▸ **PROBLEM STATEMENT**: The material below includes pictures; leave them out and return only the lines between the line containing "Jurajskie morze na terenie Polski - plakat." and the line containing "Papel pintado no", inclusive, word for word.

▸ **WORKING DATA**:
===============

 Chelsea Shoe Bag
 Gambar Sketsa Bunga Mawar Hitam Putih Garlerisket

===============

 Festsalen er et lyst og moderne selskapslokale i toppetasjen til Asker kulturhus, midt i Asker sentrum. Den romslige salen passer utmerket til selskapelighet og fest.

===============

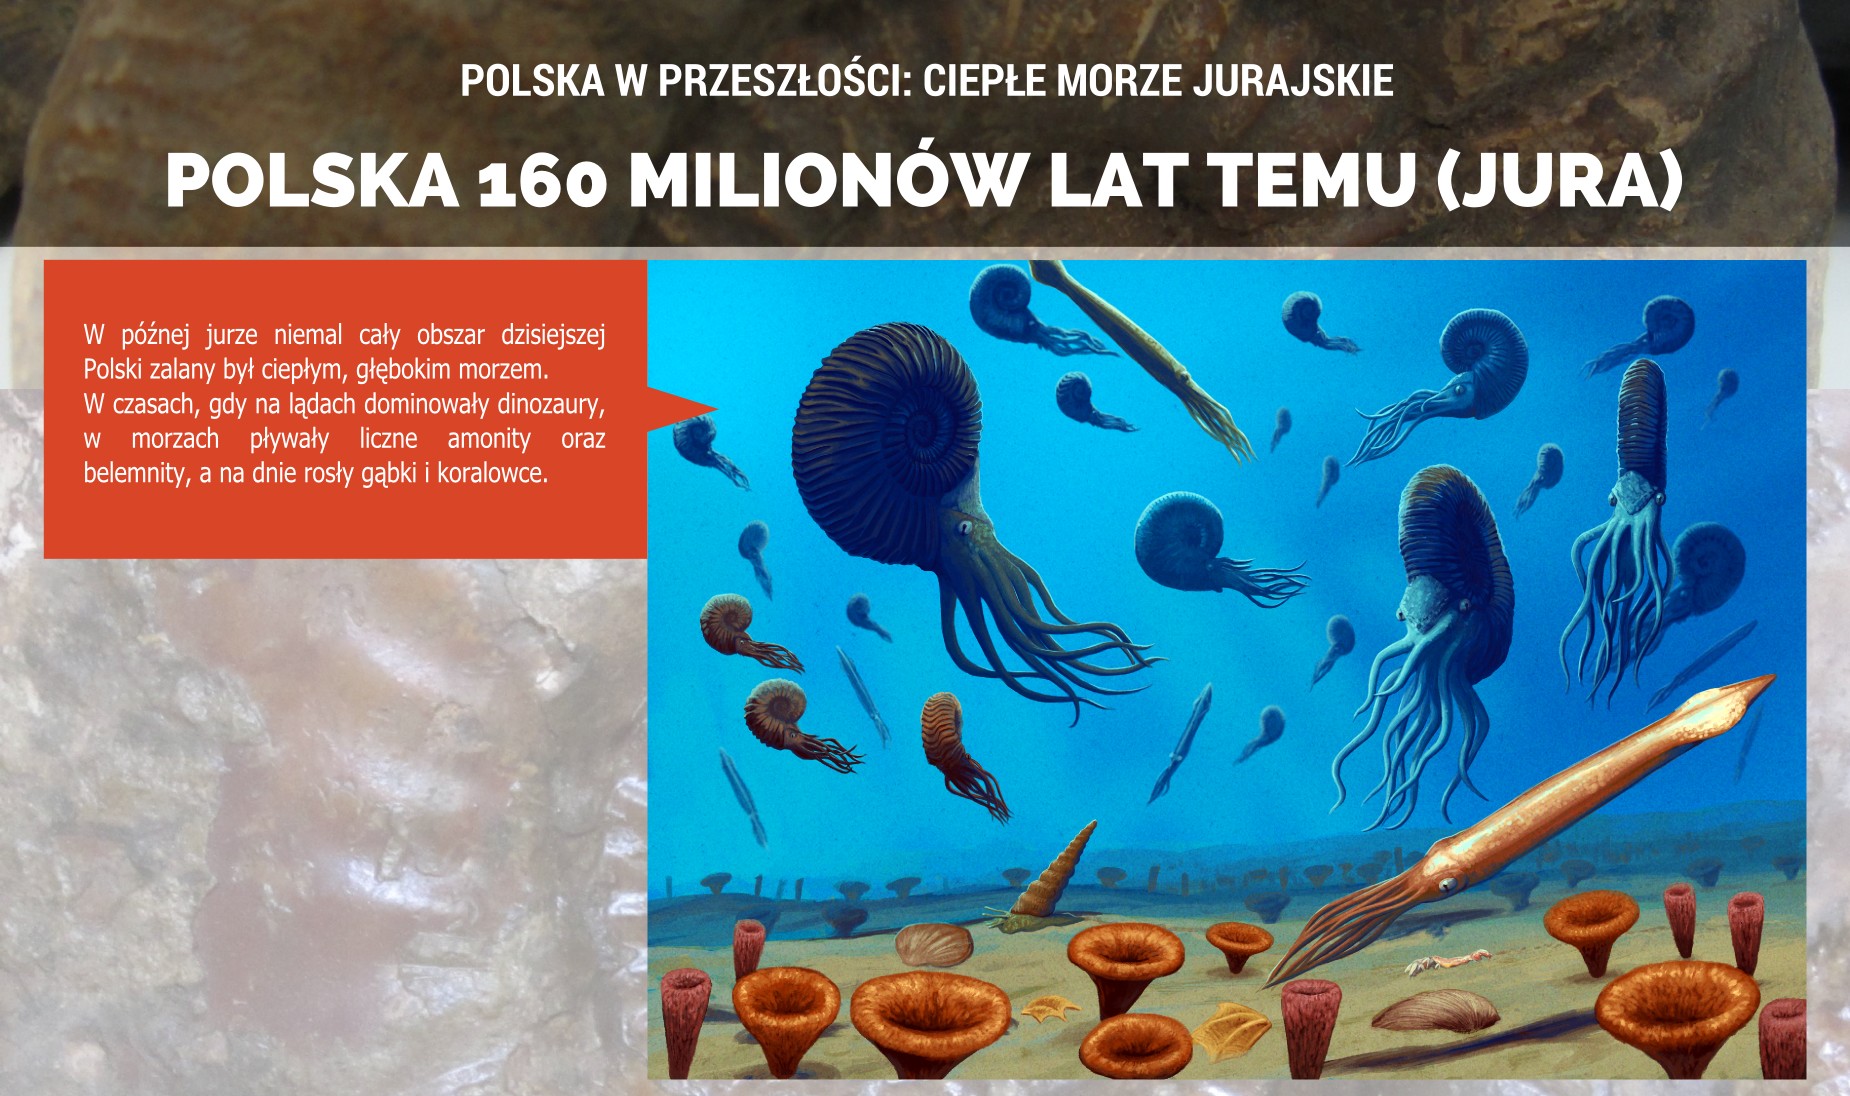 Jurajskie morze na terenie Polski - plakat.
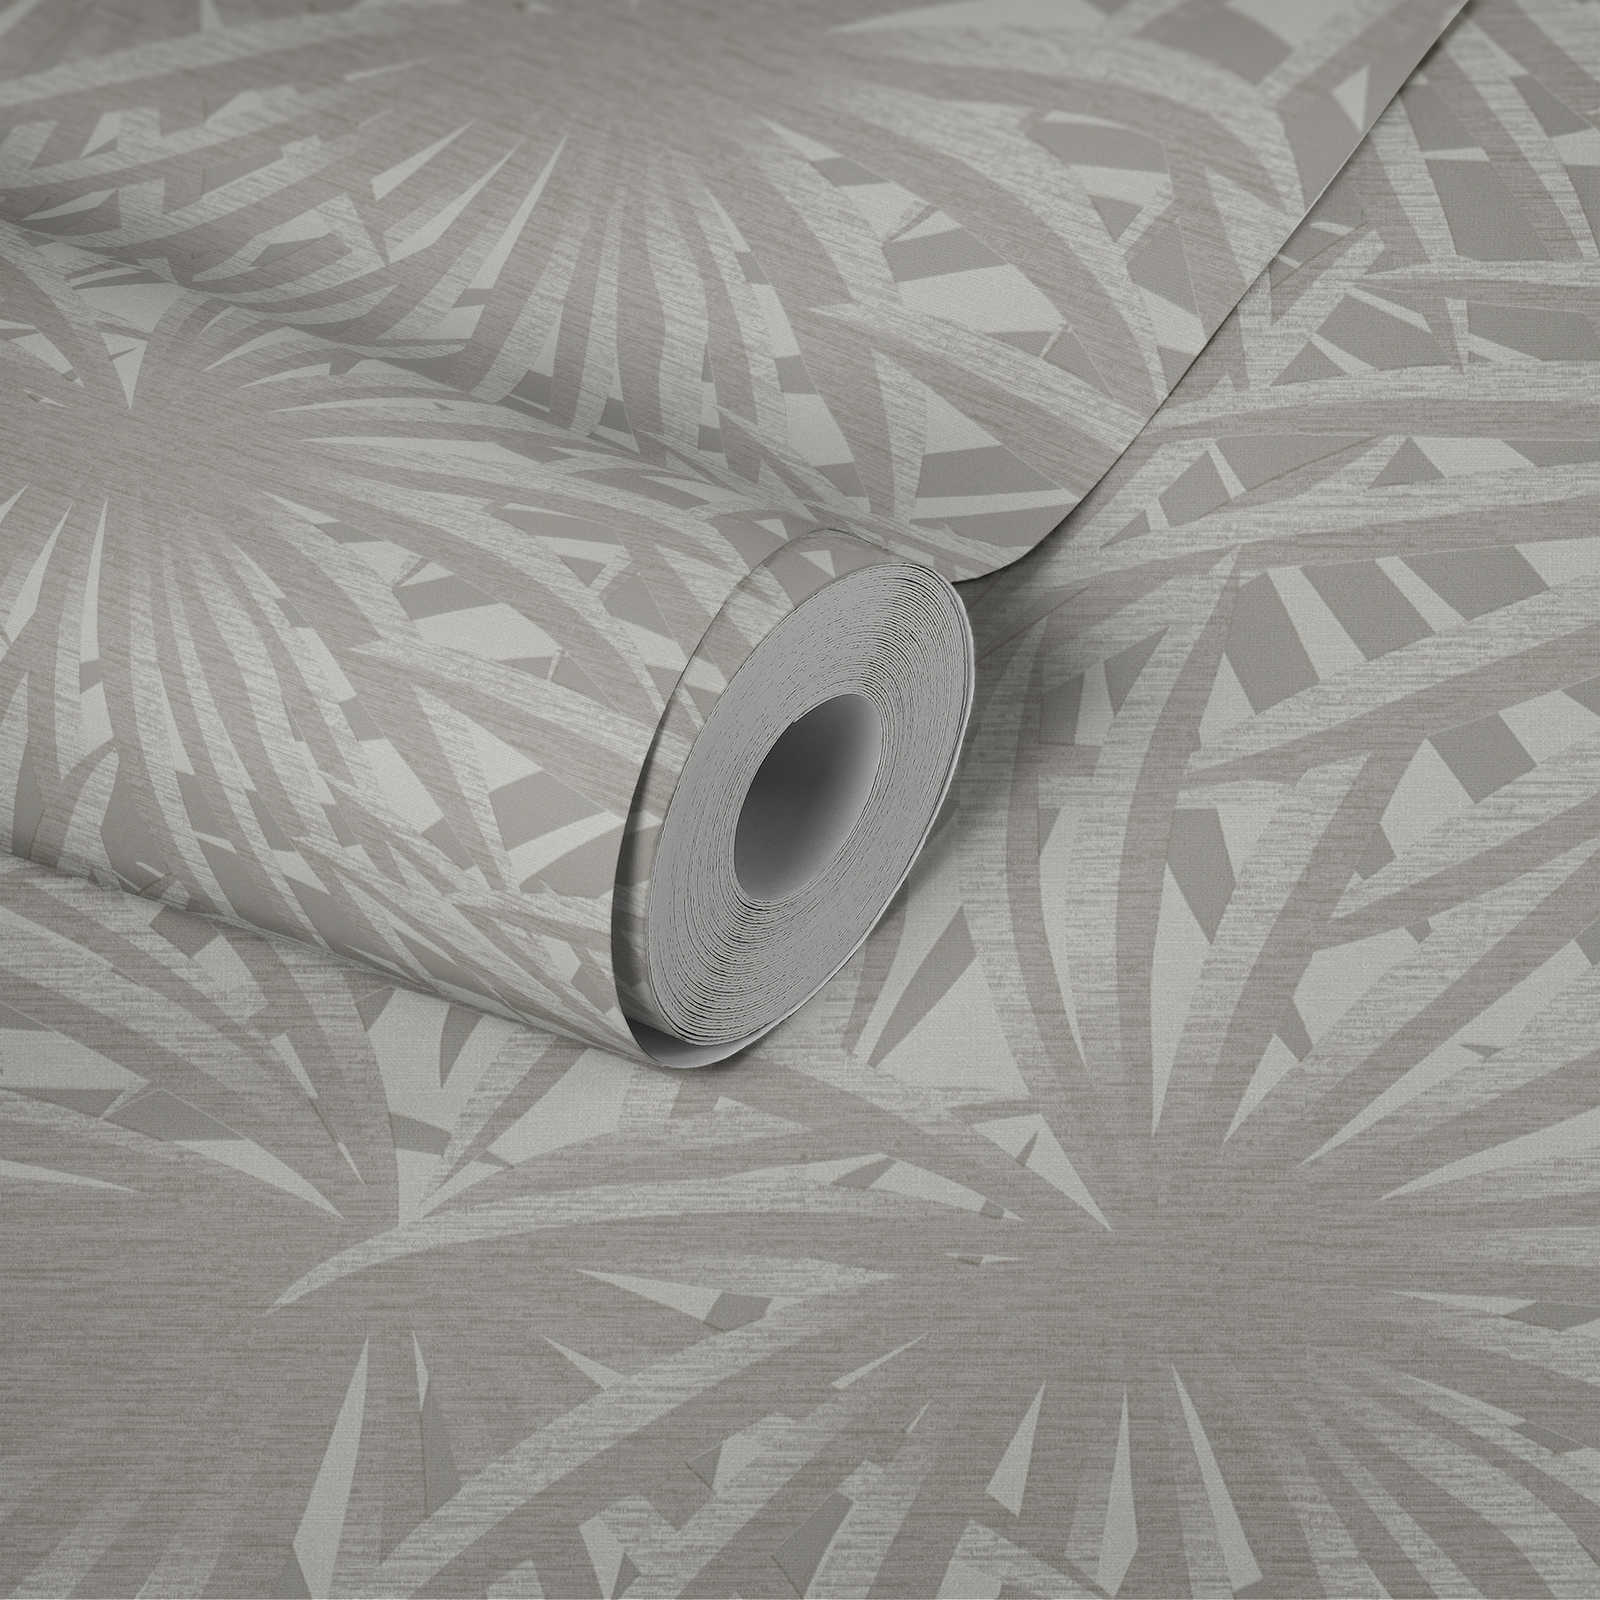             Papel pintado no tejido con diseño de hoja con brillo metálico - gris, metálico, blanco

===============

▸ **RESPONSE TO THE EXERCISE**:
 Jurajskie morze na terenie Polski - plakat.
             Papel pintado no tejido con diseño de hoja con brillo metálico - gris, metálico, blanco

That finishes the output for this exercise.